Much, much better. But we can do even better. Let's try and use optuna, a Bayesian hyperparameter tuning library.

In [None]:
!pip install --upgrade optuna

In [None]:
import optuna

def objective(trial: optuna.trial.Trial) -> float:
    # Define hyperparameters to tune
    param = {
        'lambda': trial.suggest_float('lambda', 1e-8, 1.0, log=True),
        'alpha': trial.suggest_float('alpha', 1e-8, 1.0, log=True),
        'colsample_bytree': trial.suggest_categorical('colsample_bytree', [0.3, 0.4, 0.5, 0.7]),
        'subsample': trial.suggest_categorical('subsample', [0.5, 0.6, 0.7, 0.8, 0.9, 1.0]),
        'learning_rate': trial.suggest_float('learning_rate', 1e-8, 1.0, log=True),
        'n_estimators': trial.suggest_int('n_estimators', 100, 1000),
        'max_depth': trial.suggest_int('max_depth', 3, 9),
        'random_state': 42,
        'min_child_weight': trial.suggest_int('min_child_weight', 1, 10),
        'enable_categorical': True
    }

    # Split the training data into training and validation sets
    x_train, x_val, y_train, y_val = train_test_split(x_train_xbg, y_train_xbg, test_size=0.2, random_state=42)

    # Train the model
    model = xgboost.XGBRegressor(**param)
    model.fit(x_train, y_train)

    # Make predictions
    preds = model.predict(x_val)

    # Calculate MAE
    mae = mean_absolute_error(y_val, preds)

    return mae

study = optuna.create_study(direction='minimize', study_name='Diamonds XGBoost')
study.optimize(objective, n_trials=100)
print("Best hyperparameters: ", study.best_params)
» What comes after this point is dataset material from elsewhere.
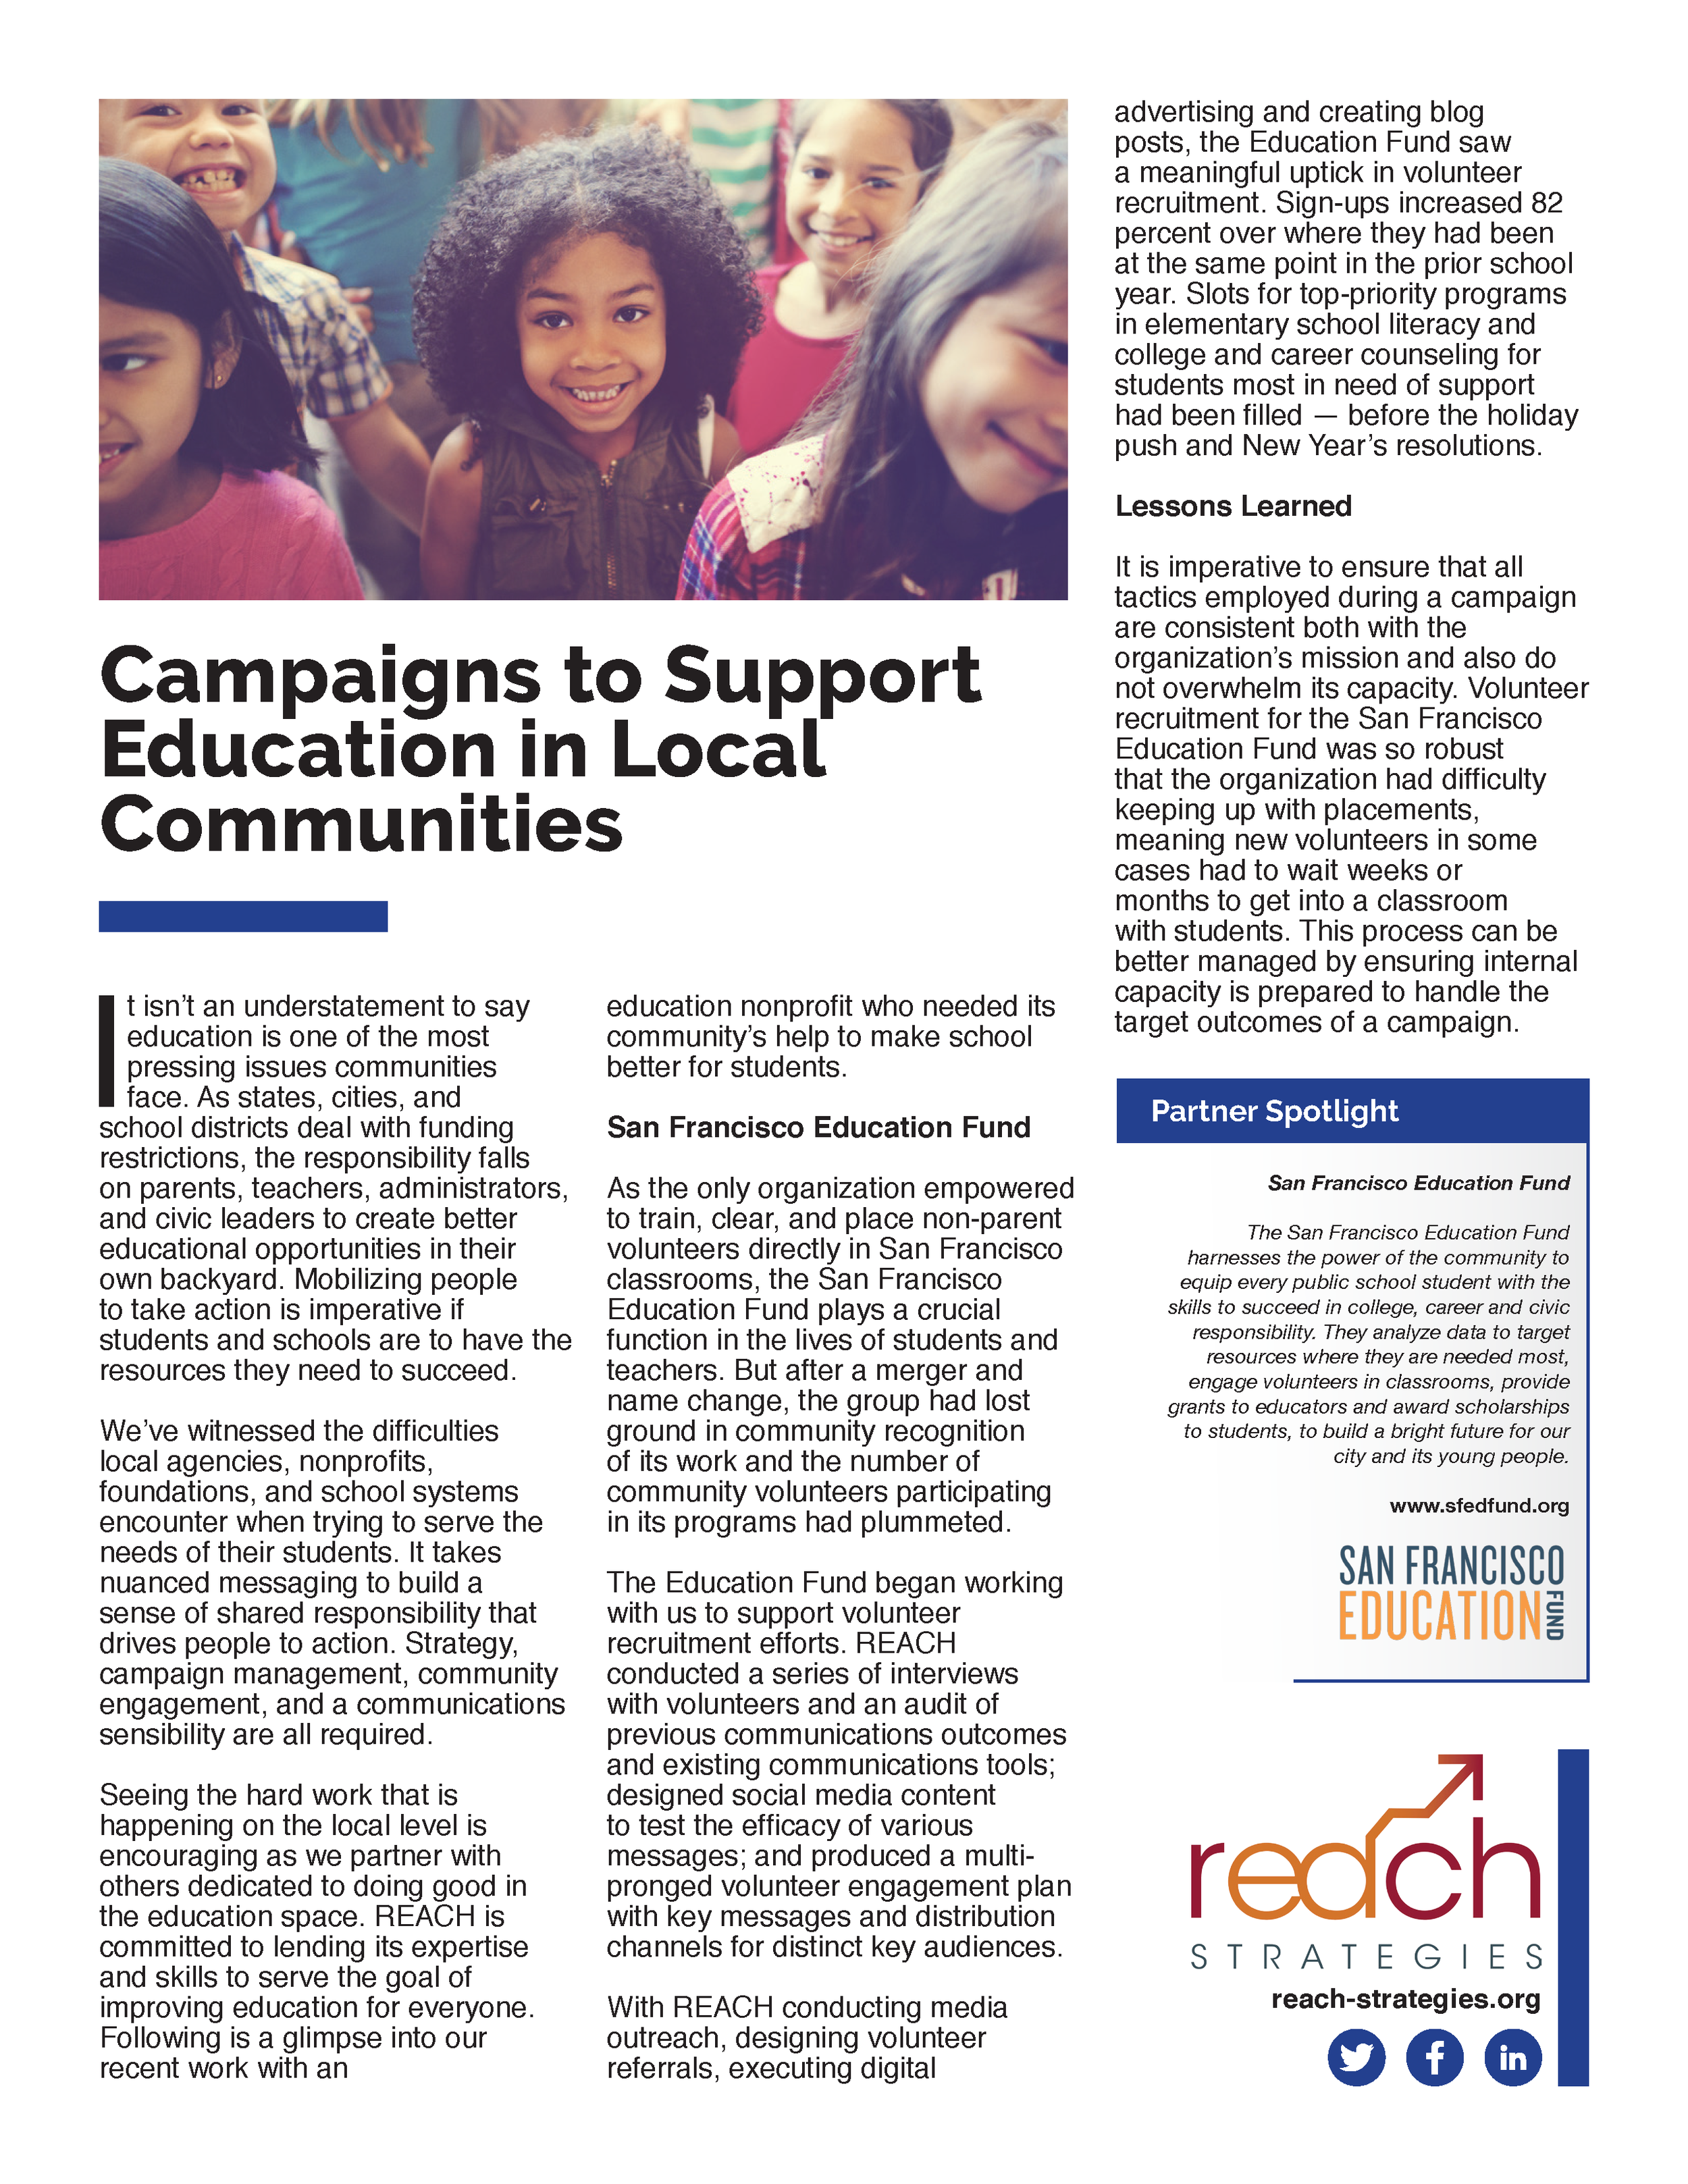 REACH_local_communities.png
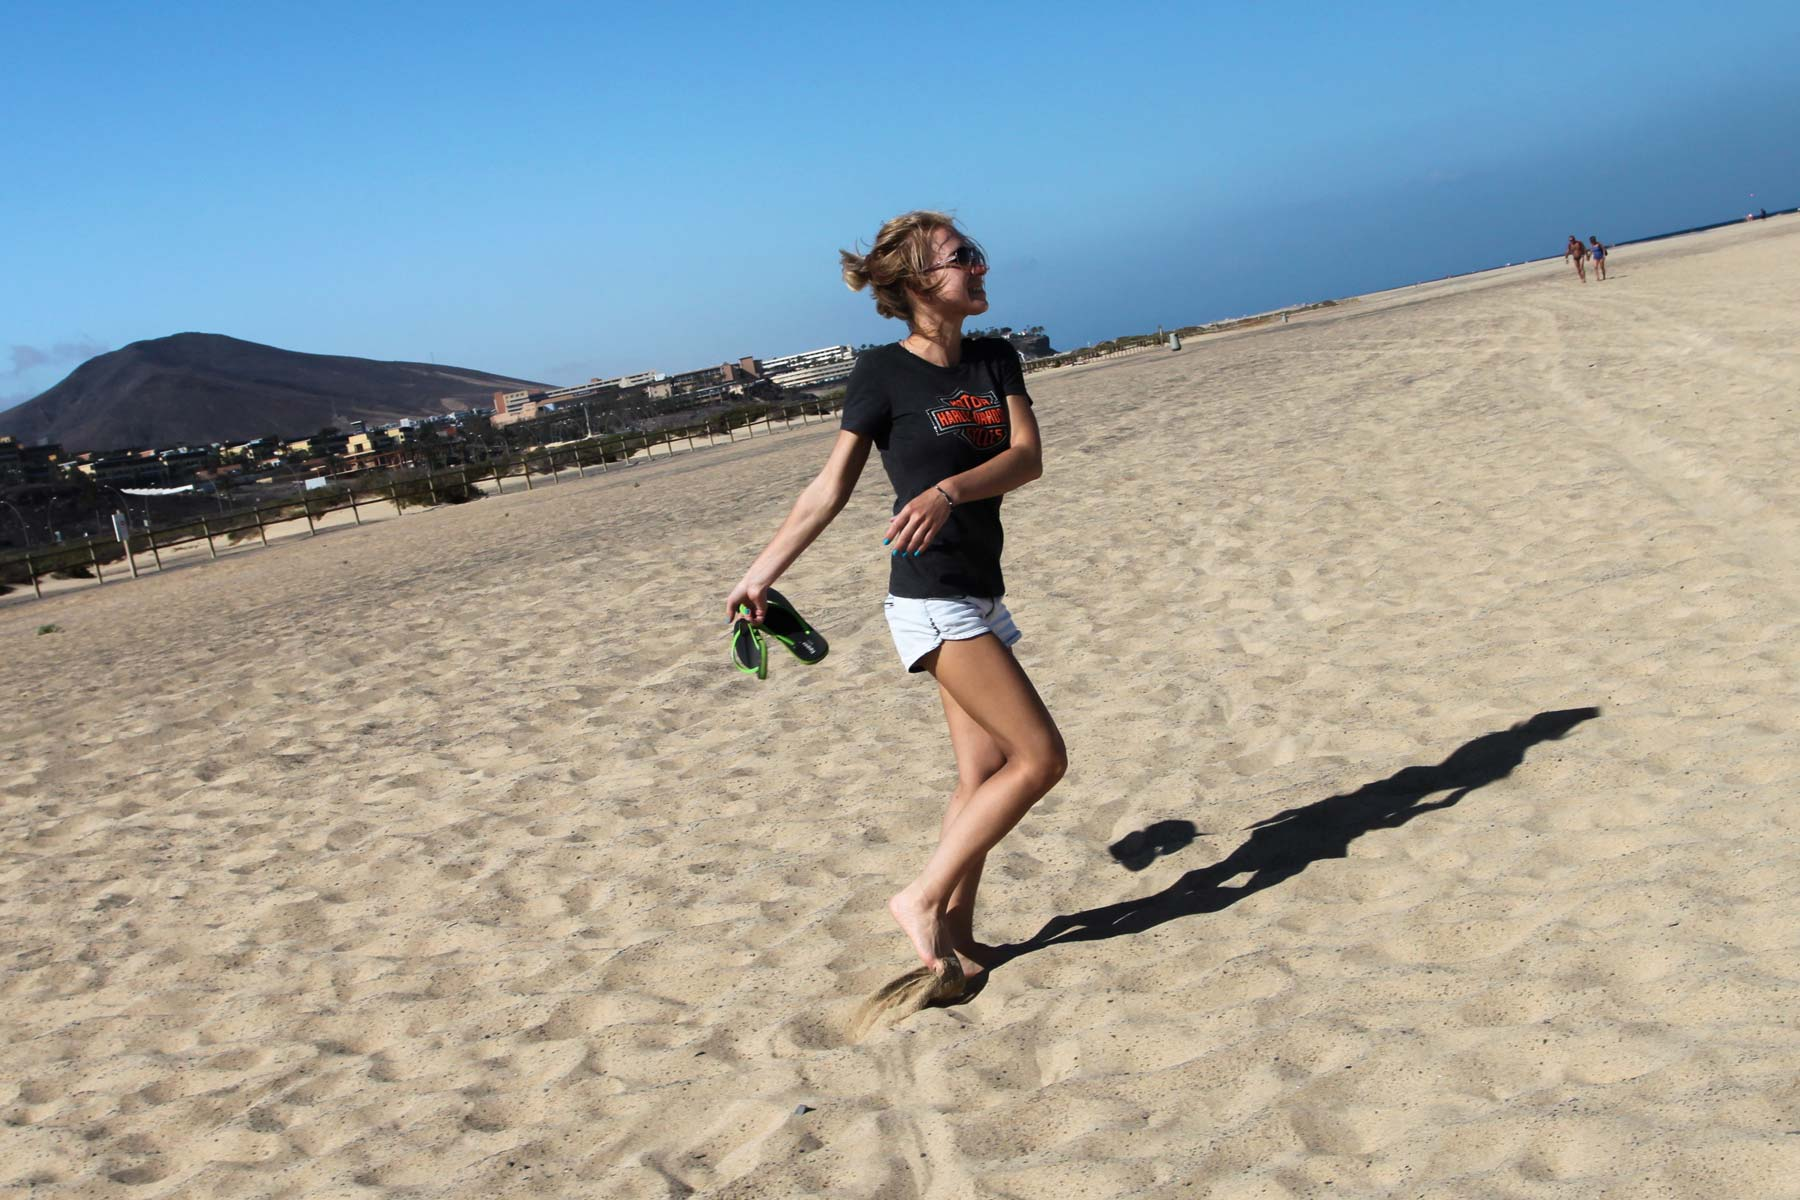 Море, солнце и песок на пляже Фуэртевентуры

Let's now re-train the model with the best set of hyperparameters.

In [None]:
xgb_opt = xgboost.XGBRegressor(**study.best_params, enable_categorical=True, random_state=42)
xgb_opt.fit(x_train_xbg, y_train_xbg)
xgb_opt_pred = xgb_opt.predict(x_test_xbg)

In [None]:
print(f'R2 Score: {round(r2_score(y_test_xbg, xgb_opt_pred), 4)}')
print(f'MAE: {round(mean_absolute_error(y_test_xbg, xgb_opt_pred), 2)}$')

In [None]:
plot_gof(y_test_xbg, xgb_pred)

A modest improvement. The model performs well, especially for smaller and less expensive gems. However, it shows larger errors with bigger stones, which warrants further investigation. For now, this is acceptable.